• **Goal of the exercise**
When you reach the line that contains "Dr. Albert Ellis: Pioneer", begin copying exactly and continue through the last line below. Do not copy pictures.

• **Given information**
______
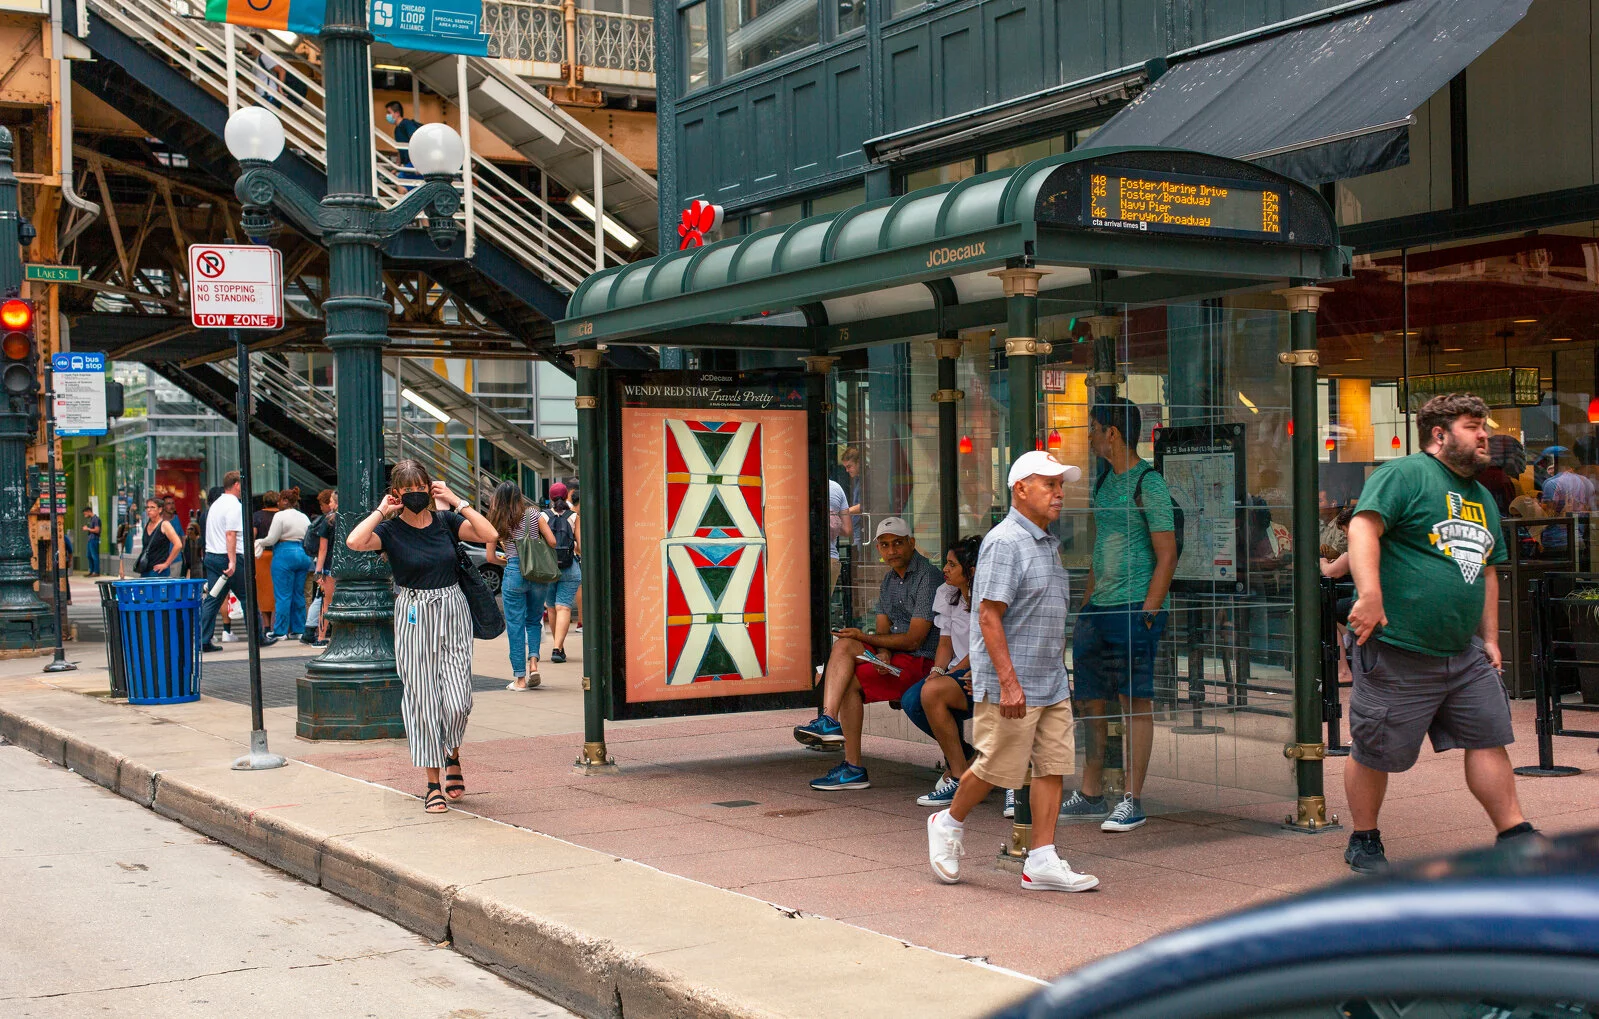 Wendy Red Star, <i>Brings Together</i>, 2022. Courtesy of the artist. Photo: David Sampson, courtesy of Public Art Fund, NY. Artwork part of <i>Wendy Red Star: Travels Pretty</i>, presented in Chicago by Public Art Fund on 300 JCDecaux bus shelters across New York City, Boston, and Chicago, on view August 10—November 20, 2022. 2022/09/PAF-Aug22-WendyRedStar-v2-1.jpg 
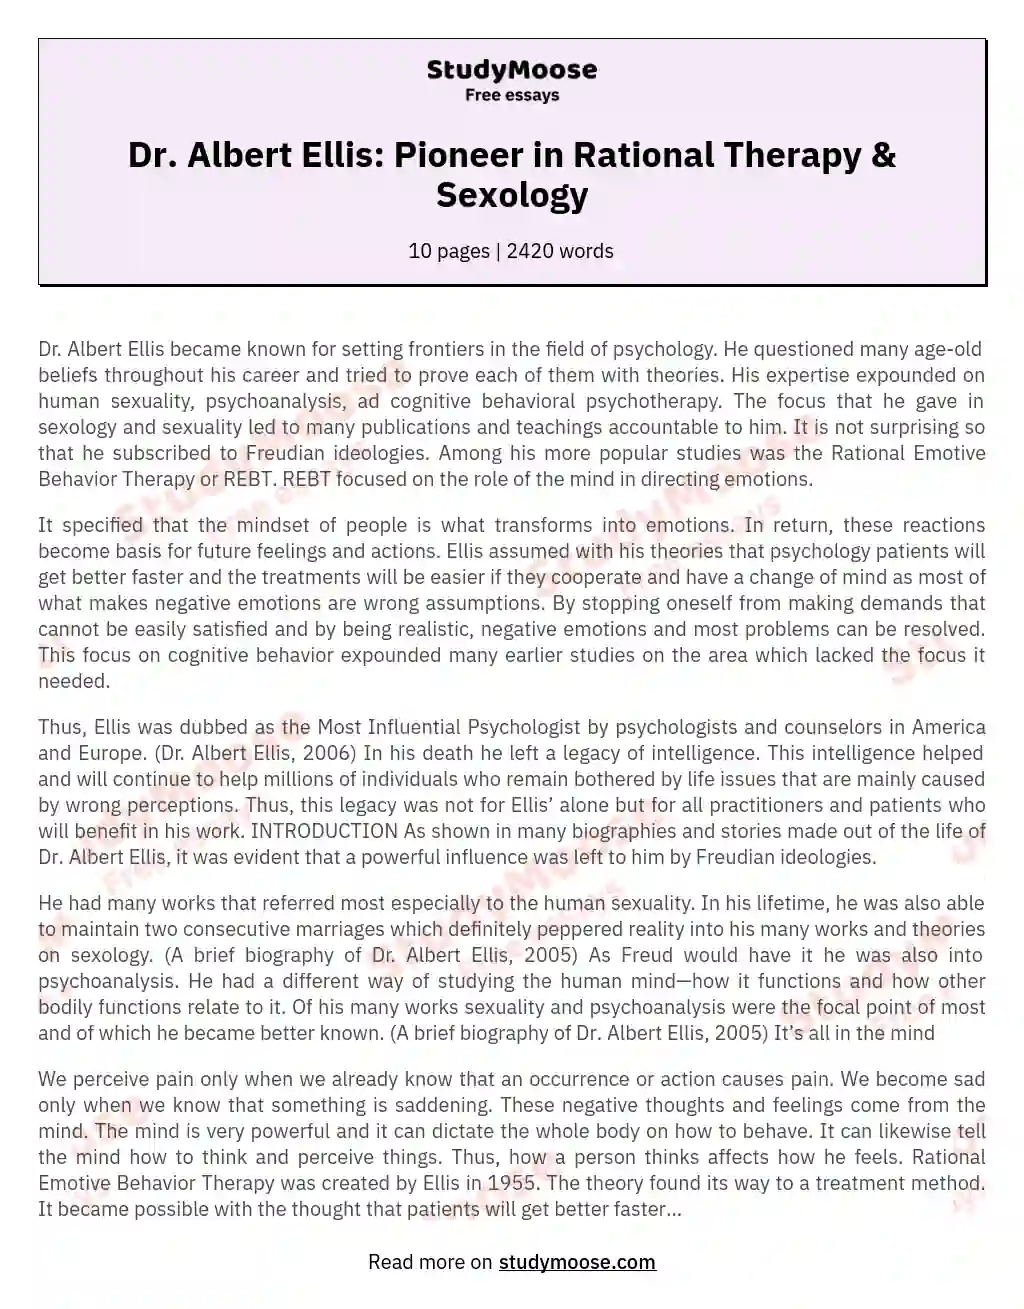 Dr. Albert Ellis: Pioneer in Rational Therapy & Sexology essay
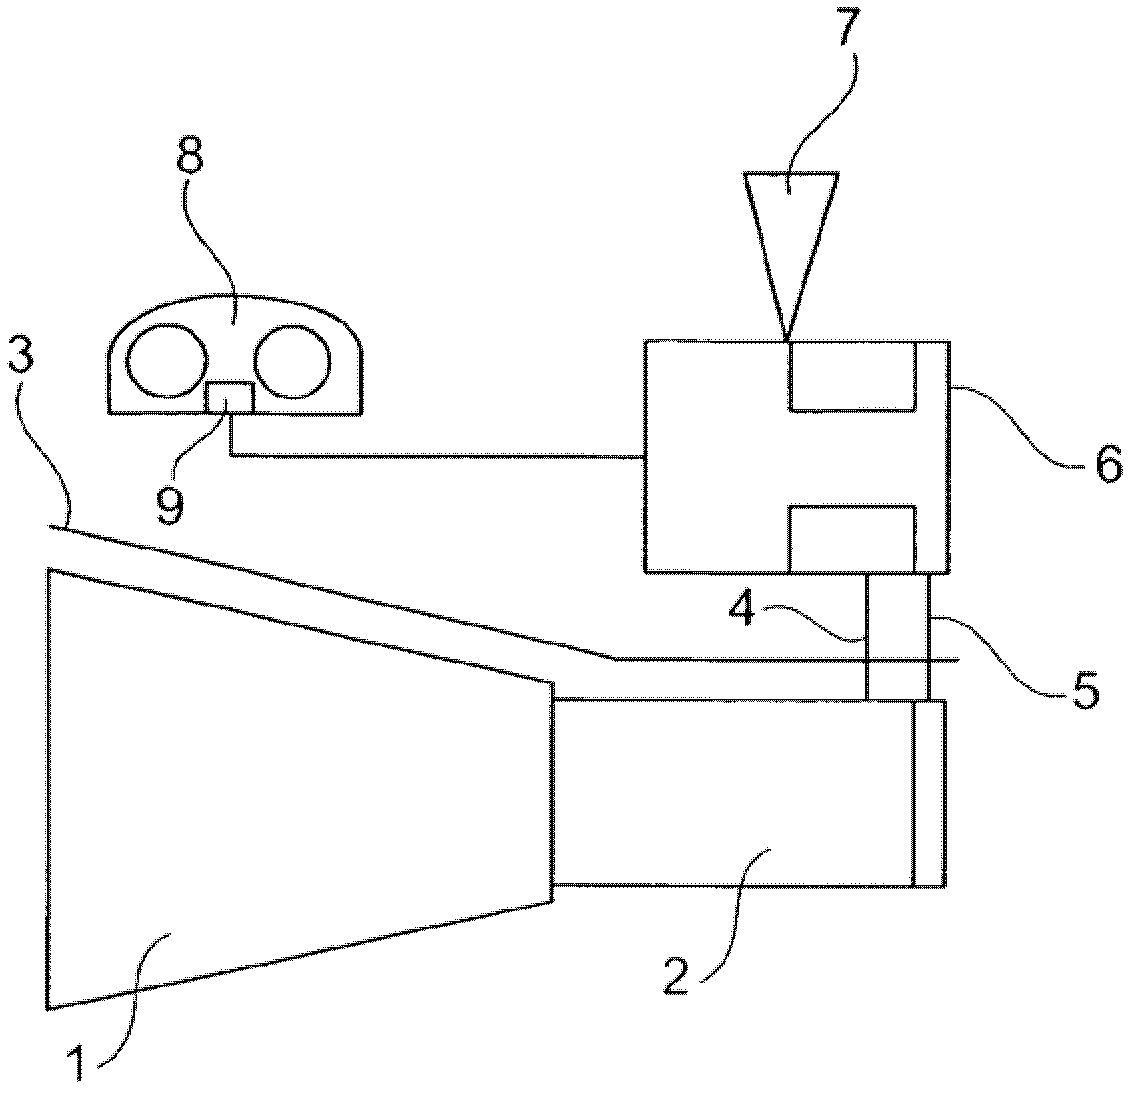 Vehicle having a transmission and a selection element for shifting gears
______
• **Expected answer**
 Dr. Albert Ellis: Pioneer in Rational Therapy & Sexology essay
 Vehicle having a transmission and a selection element for shifting gears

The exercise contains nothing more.